The Boeing 737-800 NG model that crashed is considered one of the safest aircraft ever made. The single-aisle jet is part of the NG, or Next Generation, era that preceded the 737 Max, which was subjected to a global grounding after two deadly crashes.

The NG has one of the best safety records among all aircraft, with just 11 fatal accidents out of more than 7,000 planes delivered since 1997, according to aviation consultancy Cirium. The China Eastern jet involved was about six years and 10 months old, according to FlightRadar.
“I wouldn’t expect today’s crash to have any bearing on the Max return to service in China,” aerospace industry analyst John Strickland said.
Prior to Monday, there had been 22 hull losses – aircraft damaged beyond repair – with a total of 612 fatalities, according to the Flight Safety Foundation’s Aviation Safety Network.
Flight MU5735 was traveling at an altitude of 29,100 feet at 2.19 p.m. local time when it went into a steep decline, according to FlightRadar24 tracking data. The aircraft then fell at speed more than 25,000 feet in less than three minutes to an altitude of just 3,225 feet when tracking data ended.
There are 4,502 Boeing 737-800 NGs in service globally.
Videos of where the plane apparently crashed showed a significant fire in a green, heavily wooded area. The jet appeared to land on the side of a hill near what looks like a stone building of some kind. Guangxi is famed for its unique terrain, with the northeast of the province home to sheer limestone peaks known as karsts.
The plane crashed near the city of Wuzhou on Guangxi’s border with Guangdong.

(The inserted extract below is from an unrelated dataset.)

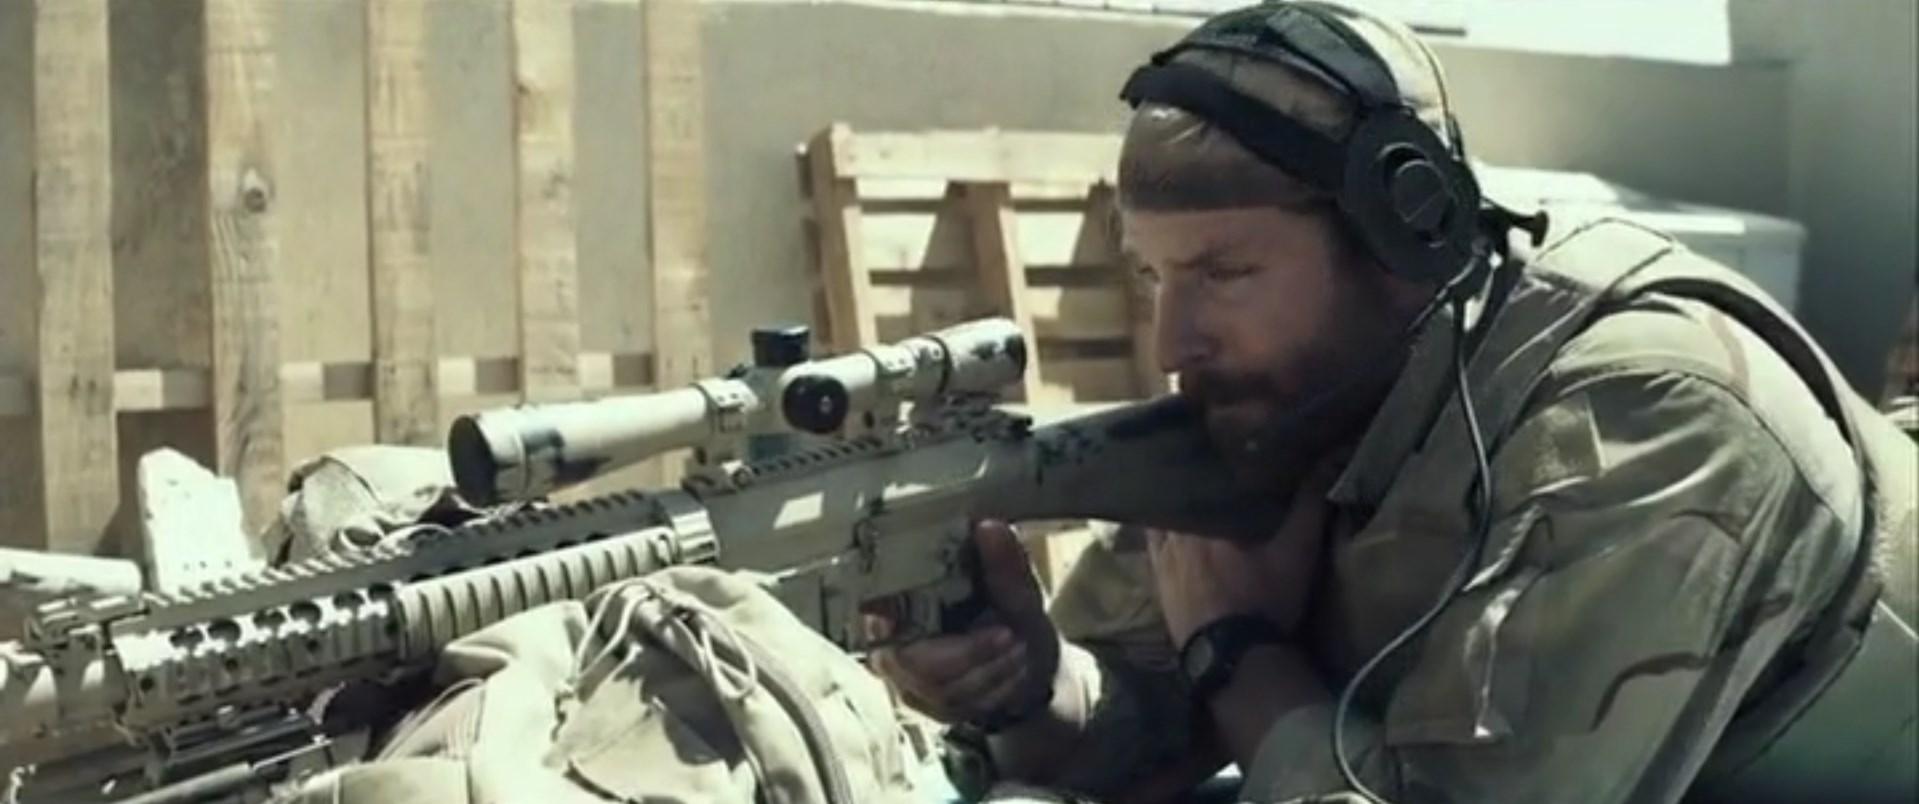 American Sniper Wallpaper HD - WallpaperSafari

It was headed to Guangdong’s capital, Guangzhou.
The crash comes as Boeing prepares for the re-entry of its 737 Max into commercial service in the country, a lucrative aviation market.
China was the first major aviation market to ground the Max three years ago after the second of two fatal crashes that killed 346 people in total, and one of the last to see its return. The market is so large that Boeing’s plan to further ramp up production depends on the resumption of deliveries to China.
The aircraft involved in Monday’s crash wasn’t a new-generation Boeing Max jet.
The US planemaker is currently gathering more information on the crash that happened in southwest China, state broadcaster CCTV reported, citing company staff.